Elvis Presley portrayed on screen: Austin Butler, Kurt Russell, Don Johnson
Elvis is back inside the structure! In Baz Luhrmann’s (“Moulin Rouge”) upbeat new “Elvis,” which revolutionises the biopic genre, Austin Butler is the most recent performer to swivel his hips as the iconic Elvis Presley. Tom Hanks portrays Colonel Tom Parker, Elvis’ enigmatic Svengali-like manager, who turned down offers for his client to perform in the 1961 original of “West Side Story” and the 1976 remake of “A Star is Born” starring Barbra Streisand.
His ex-wife Priscilla Presley, daughter Lisa Marie Presley, and grandchildren, including actress and director Riley Keough, have all praised this new movie. Elvis Presley passed away in 1977 at the age of 42, but he has continued to live on in a number of TV movies, miniseries, and series, at least in spirit.

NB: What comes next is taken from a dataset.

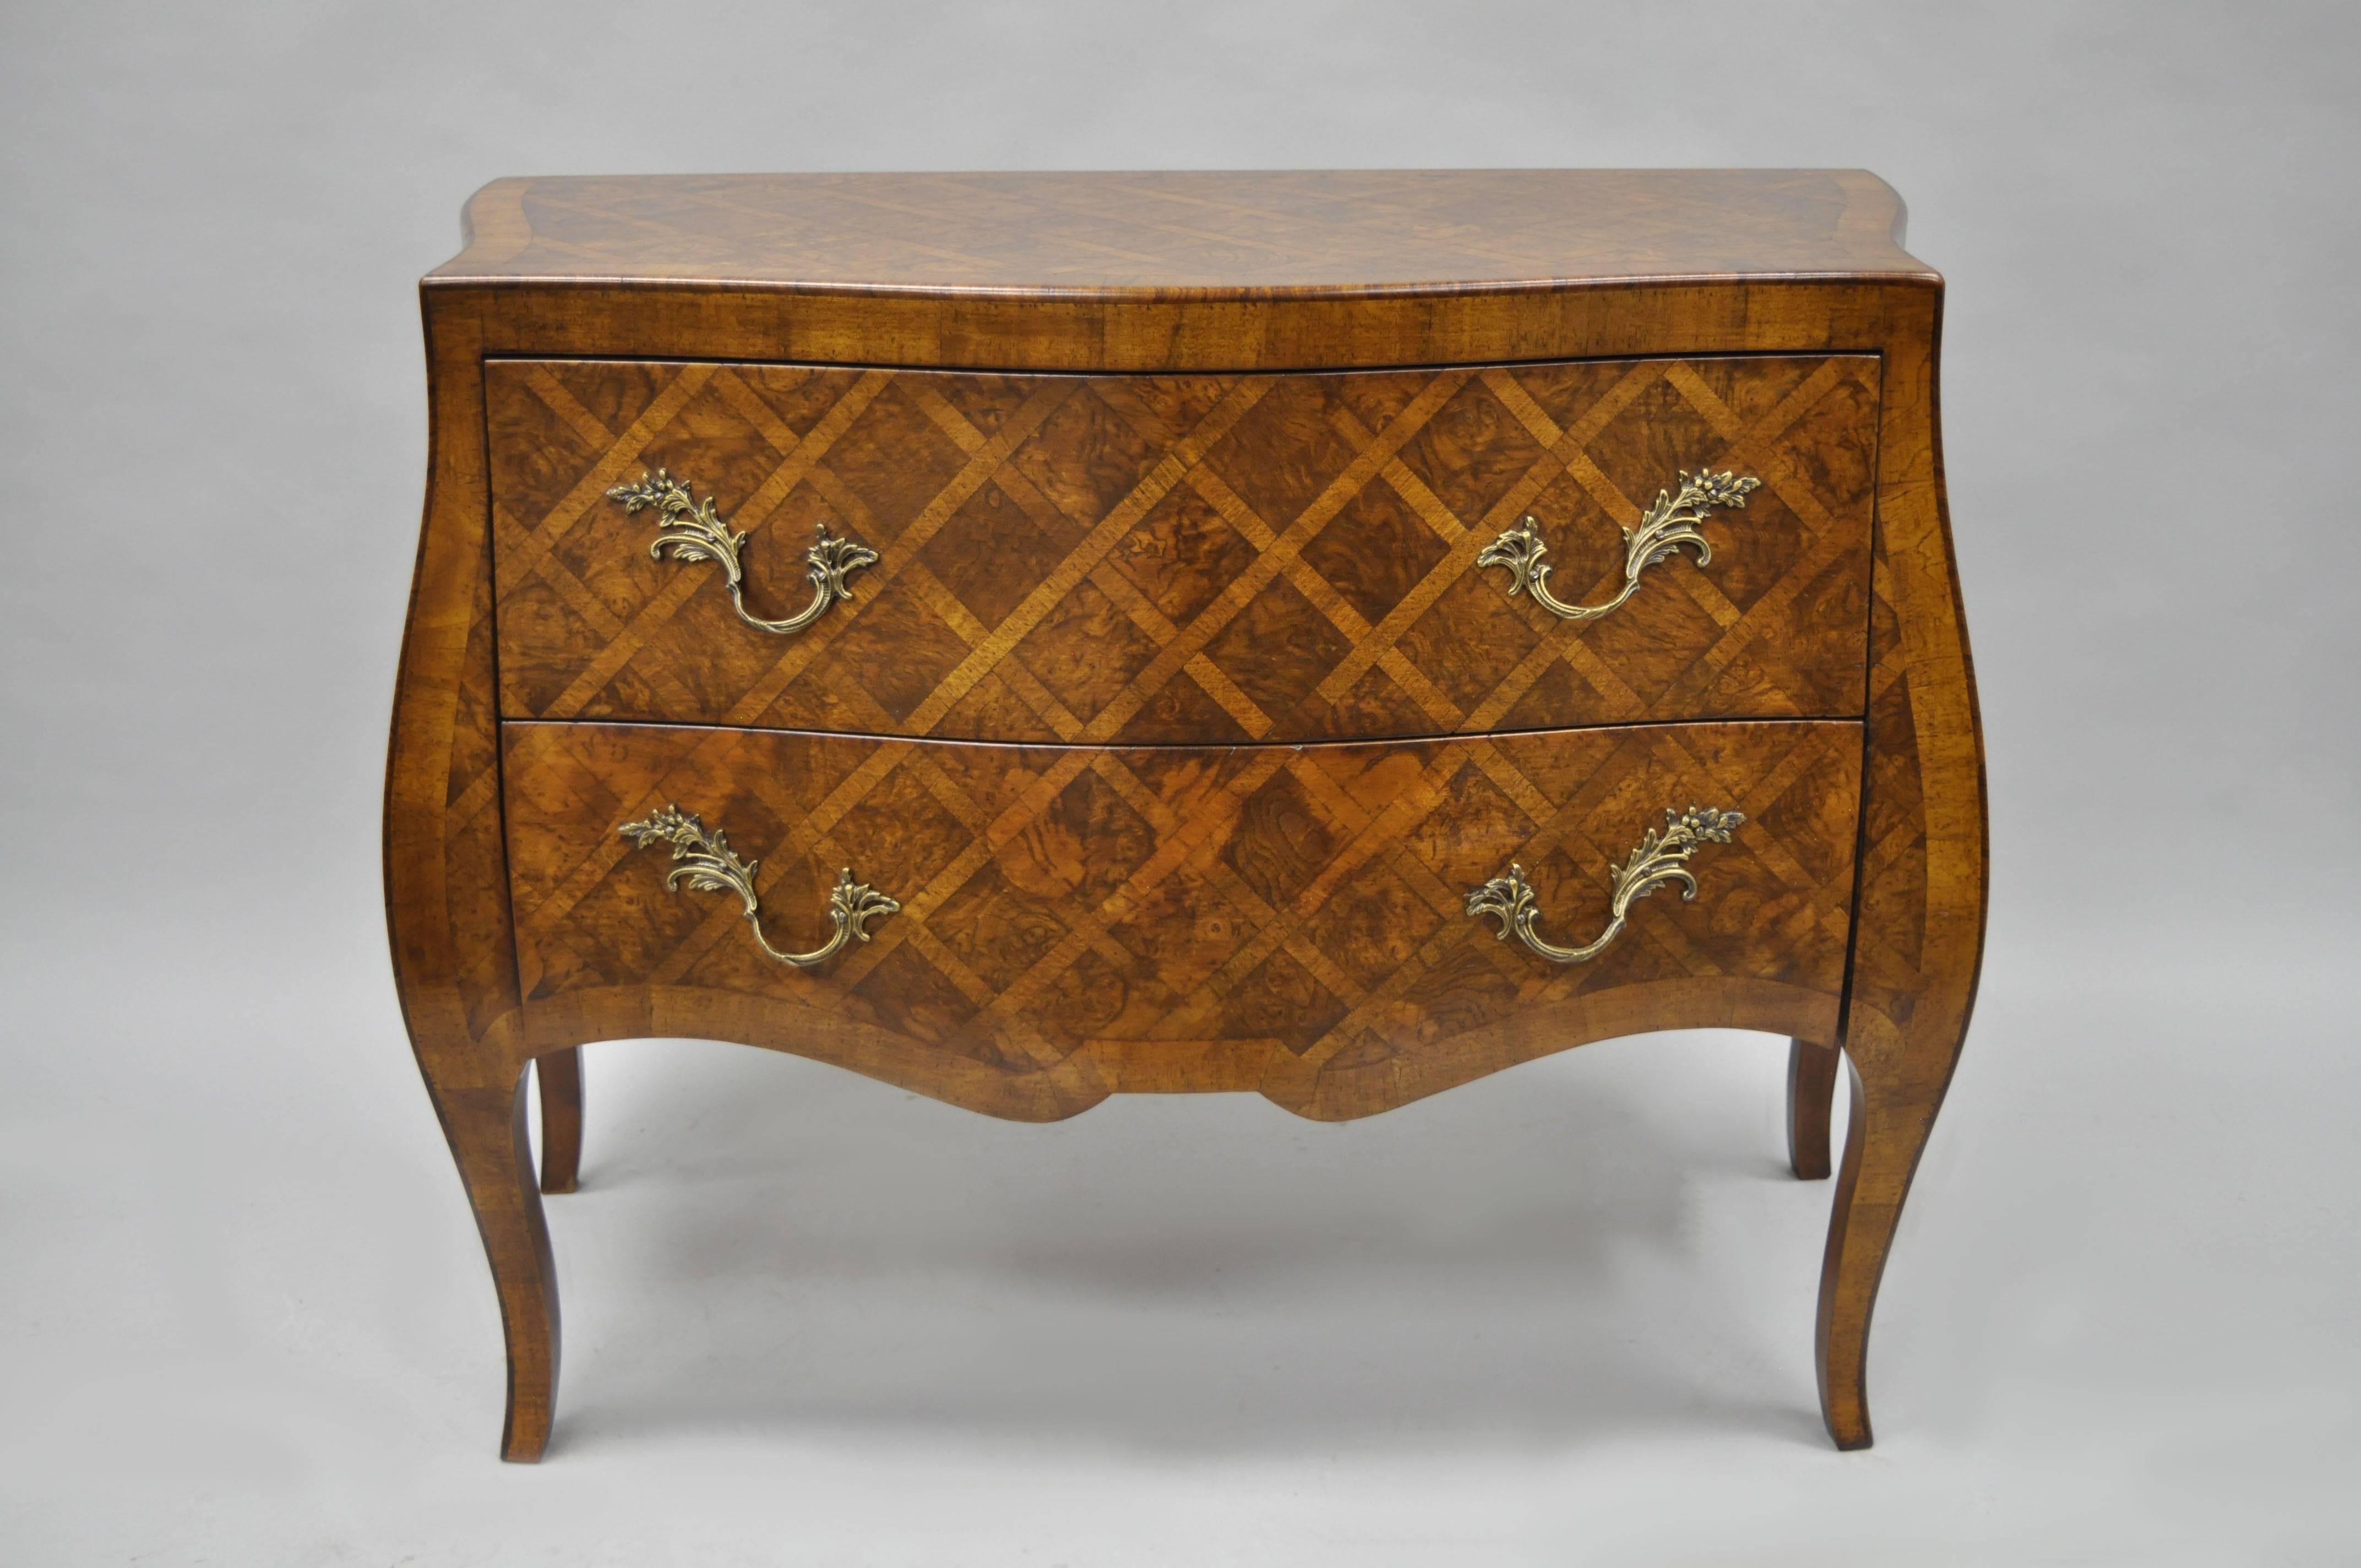 Vintage Italian Parquetry Inlaid Bombe Commode in the French Louis XV Style. Item features two drawers, brass hardware, shapely cabriole legs, and stunning parquetry inlay. Marked Italy

One of these films was the now-forgotten NBC drama from 1993 called “Elvis & the Colonel: The Untold Story,” which starred Rob Youngblood as the young Elvis and Beau Bridges as Colonel Parker. The celebrated 1979 ABC biopic “Elvis,” starring Russell, was also produced by Dick Clark. William C. Graham, who directed the controversial 1969 Elvis film “Change of Habit,” directed “Elvis & the Colonel.”
In the telefilm, Parker was portrayed as having an iron grip on Elvis’ career and in a less than flattering light. In a 1993 L.A. Times interview, Clark admitted that he had long desired to make a film that went beyond the conventional notion that “wasn’t the Colonel the greatest manager that ever came down the pike, as was put up for so many years.” When Parker signed the 21-year-old Elvis, Clark claims that he received 25% of his client’s earnings; nevertheless, by 1967, he was receiving a stunning 50%. The two, according to Clark, had a love-hate relationship. He added, “I’m confident neither persona was all black or all white. Presley “was not schooled I contracts and so forth,” he continued. Elvis apparently never read anything.
Graham said that the Parker didn’t spend much time on the “Change of Habit” set, despite the fact that he thought Elvis was one of the nicest men he had ever encountered. He said that Elvis and his associates, the so-called Memphis Mafia, were bad lads. They enjoyed making fun of me and shooting water pistols at us both. The Colonel was somewhat of a truant officer when he first arrived on the scene. He always wore a somewhat serious grumpy look on his face. Elvis seemed to have a great deal of respect for the Colonel—almost a sense of fear. But the Colonel made relatively little appearance during the film’s production. He mainly focused on the important issues.